Character Text Splitter
Category: Splitter
Purpose
To create data chunks of a given token size using a separator.
Description
The Character Text Splitter component creates data chunks of a given token size using a separator. The data needs to be chunked if its token-size crosses the token-size limit imposed by the embedding model (used for the upserting activity). In the given activity, dataFomTextFile is configured to be chunked with chunk size set to 4000 characters.
Property |
Data Type |
Description |
General |
||
Display Name |
String |
Display name of the component. |
Enable Pause |
-NA- |
Option to pause the activity (related to the component) during a job execution after receiving a pause control signal from the Cockpit application. The checkbox is selected by default. |
Input |
|
|
Chunk Overlap* |
Int32 |
Represents the number of characters by which two consecutive chunks overlap done with an aim to impart a context to the content in the second chunk. |
Chunk Size* |
Int32 |
Represents the number of characters that define the size of each chunk. Note: The data represented by the number of characters should represent a token-size that is within the limit imposed by the embedding model that is to be used for upserting and other AI/ML activities. |
Separator* |
String |
A single or a set of character that is to be used to chunk data. For example, using a newline character ("\n") as a separator, you can chunk data of a document such that each chunk represents a paragraph within the document. |
Text* |
String |
The data that needs to be chunked.
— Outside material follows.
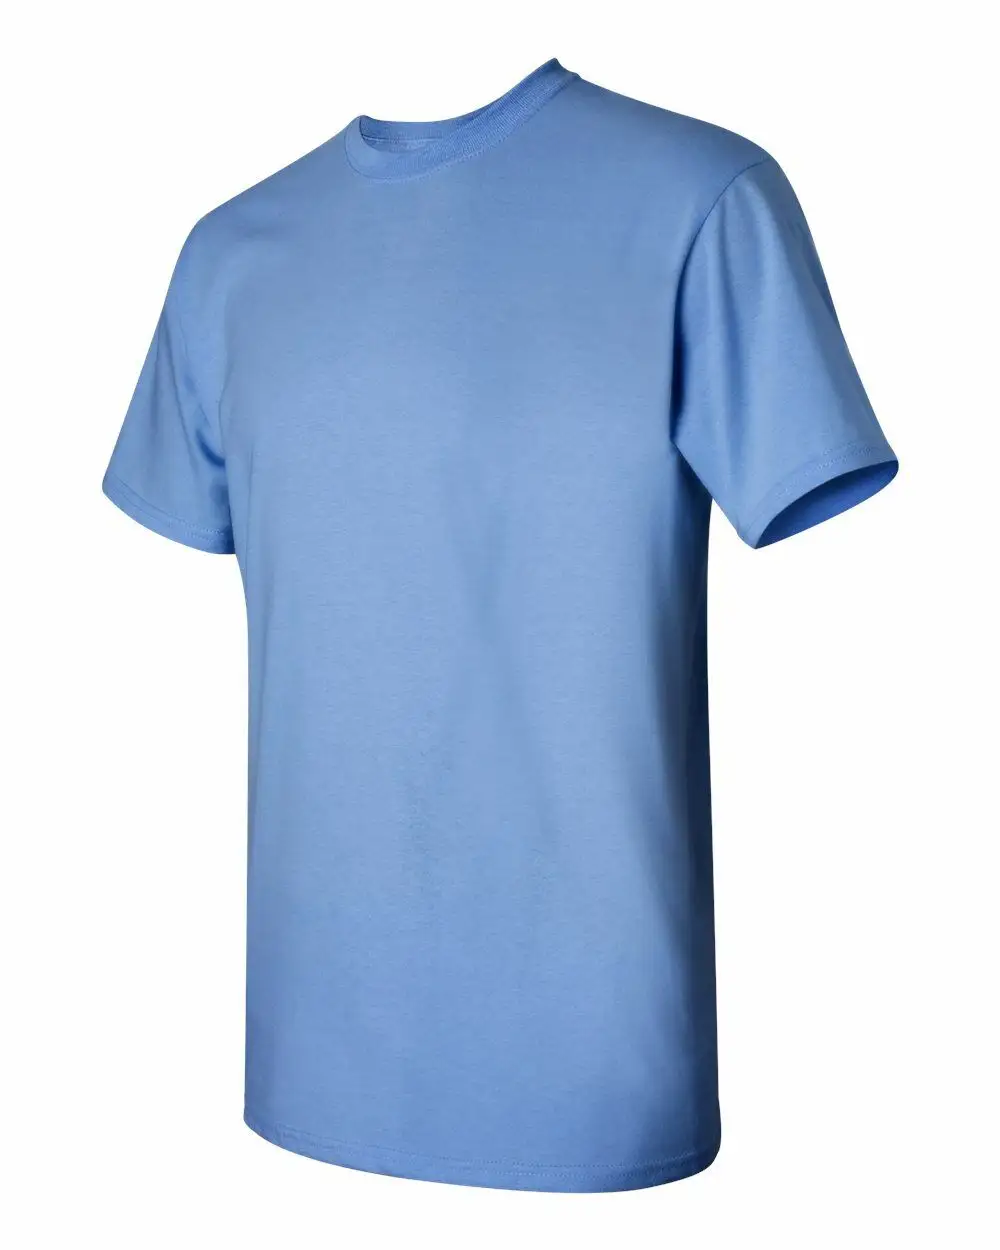 Fabricant pas cher 100% coton tshirt vêtements personnalisés hommes tee shirt impression logo surdimensionné grande taille t-shirts

In case of a large data, you can save the data in a file and read the data into a variable (using one of the components available in the Designer Toolbox), and then assign the variable to the Text property. |
Misc |
|
|
Enable Bookmark |
-NA- |
Option to set a bookmark. |
Is Reserved |
-NA- |
Option to disable data tracing related to the component. |
Output |
|
|
Result* |
ITextSplitter |
An object that contains the generated chunks. The object should be assigned to the Splitter property of an upserting component. (See Vector Store.) |
Note: The property names marked with the * sign are the mandatory properties. |